With all of that aside, what about the characters? Well, the cast in this movie presents a very unusual case.
Purely by themselves, the characters in this movie are individually worthless. Thunk, Gran, Sandy, and Belt are all comic relief characters who are woefully void of comedy. Ugga is a complete non-entity. Eep is a one-dimensional adolescent princess. Grug’s stubborn and jealous attitude got very old very quickly.
On the other hand, we’ve got Guy. He’s an interesting character on his own, since his ideas and knowledge eventually make him the family’s de facto leader, which is a role that he neither asked for nor wanted. What’s more, a few lines here and there make it clear that Guy isn’t a caveman as the Croods are. It’s like he and the family are two different species of human, implying that Guy is among the next step in human evolution. This puts Guy closer to us in terms of wit and intelligence, which makes him a fine “straight man” against the family’s rampant ignorance. Even better, setting the film’s “change or die” theme against the backdrop of evolution (however implicitly) was a very clever way to give the tired premise a new perspective.
I was also very interested by the Guy/Eep romance. This arc was unusual in that it’s Eep who’s all aggressive about her attraction to the male character, instead of the other way around. It brought home the point that Eep is an uncivilized young woman who doesn’t really know how to act around those who aren’t part of her family. Most other stories would express this through making the character overly shy, but Eep is different. She was raised as an animal, so she approaches this potential mate with foolhardy confidence. It’s a very novel dynamic, and it’s played quite well by Stone and Reynolds.
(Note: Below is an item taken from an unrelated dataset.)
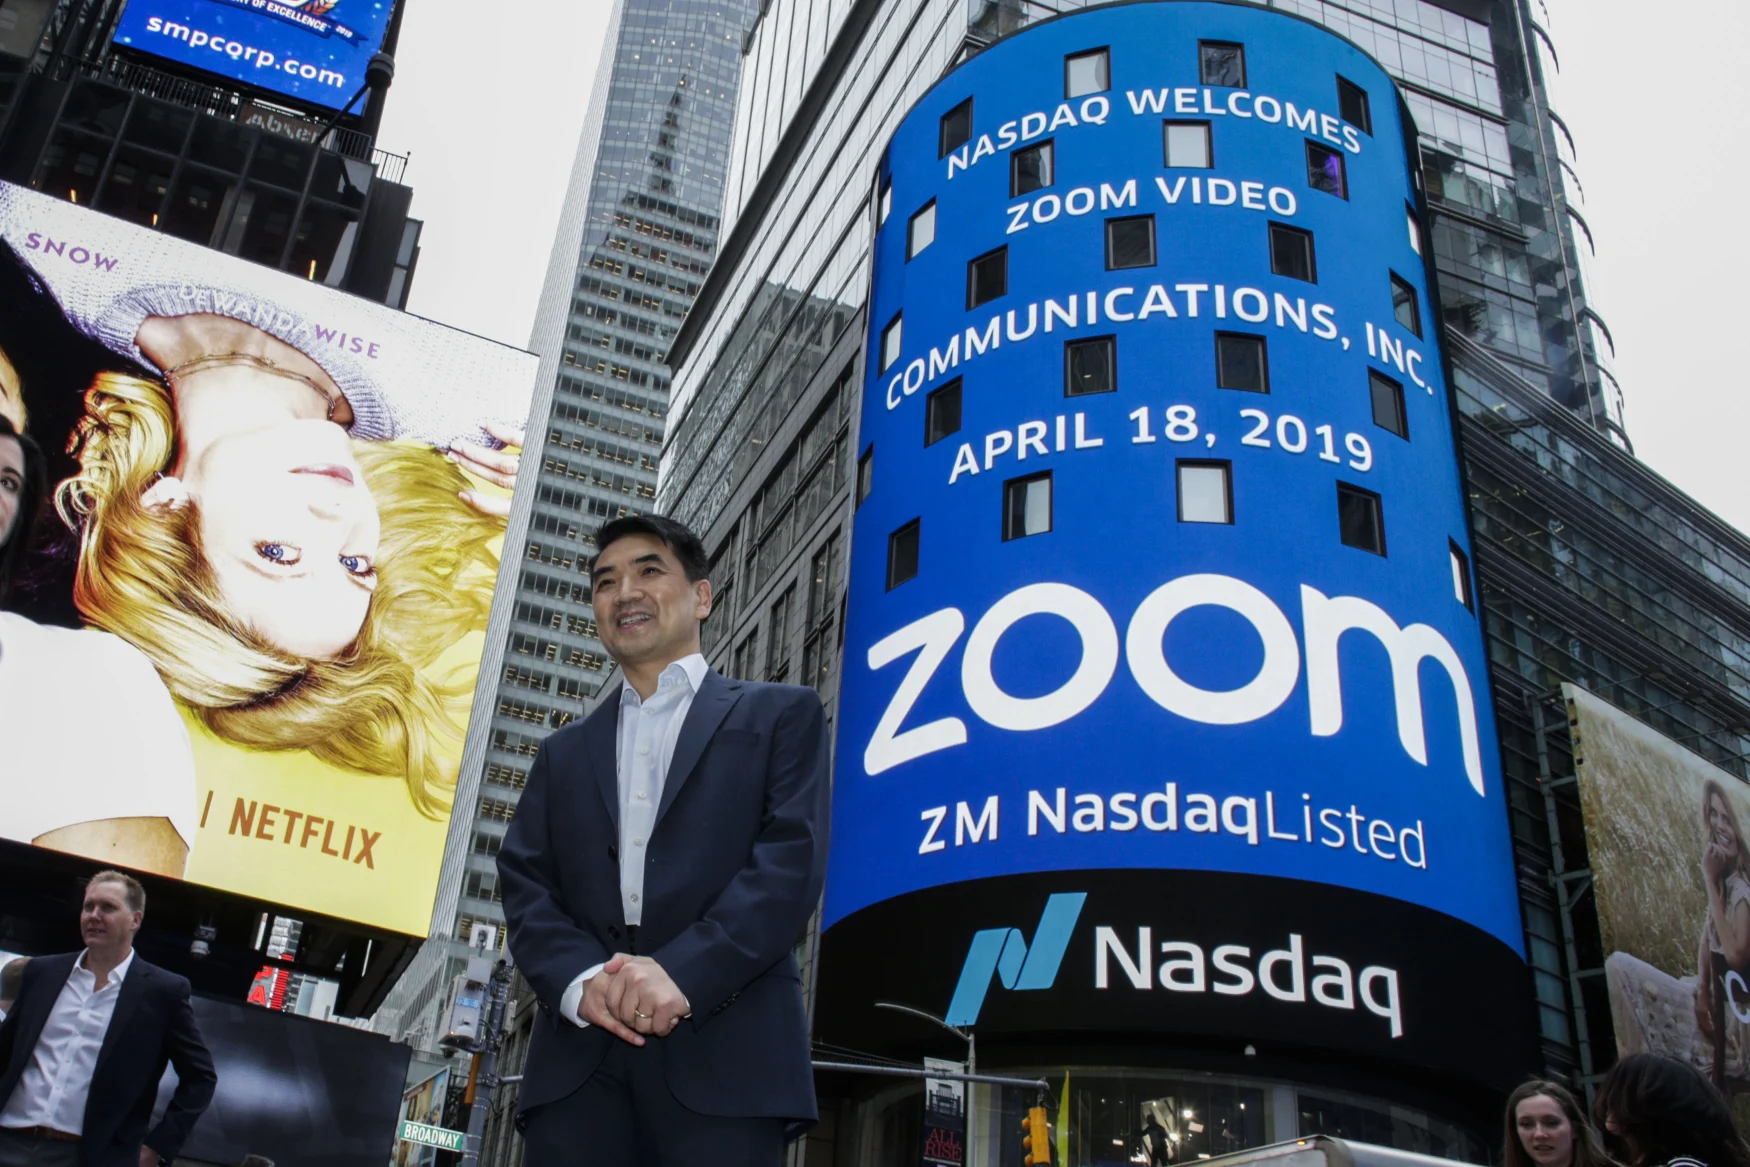 NEW YORK, NY - APRIL 18: Zoom founder Eric Yuan poses in front of the Nasdaq building as the screen shows the logo of the video-conferencing software company Zoom after the opening bell ceremony on April 18, 2019 in New York City. The video-conferencing software company announced it's IPO priced at $36 per share, at an estimated value of $9.2 billion. (Photo by Kena Betancur/Getty Images)

In point of fact, the voice cast is something else in this movie’s favor. I was especially fond of all the times when these characters had to roar, yell, make animal noises, and generally act like total buffoons. It’s quite shocking how well the actors sold those moments. If there are any video recordings of Nic Cage or Emma Stone acting out these scenes in the recording booth, that might be enough to make the DVD worth buying.
Anyway, the characters by themselves are — for the most part — very one-dimensional and cliched. And yet somehow, they all clicked together. I don’t know what it was, but the film somehow managed to sell this group of cavemen as a loving family. I expect that a lot of that has to do with the voice cast, though the various scenes of the family working together as a well-choreographed team help a lot as well. In any case, this movie is at its strongest when the characters are all either working together or fighting each other.
In the end, I can’t really muster up anything except apathy for The Croods. It isn’t good, it isn’t bad, it isn’t offensive, it isn’t insulting, it isn’t creative, and it isn’t particularly funny or touching. It’s just adequate. It’s a flashy and harmless way to spend 90 minutes with your kids, nothing more.
If you have kids who want to see this movie, then take them by all means. Otherwise, take this film or leave it as you will.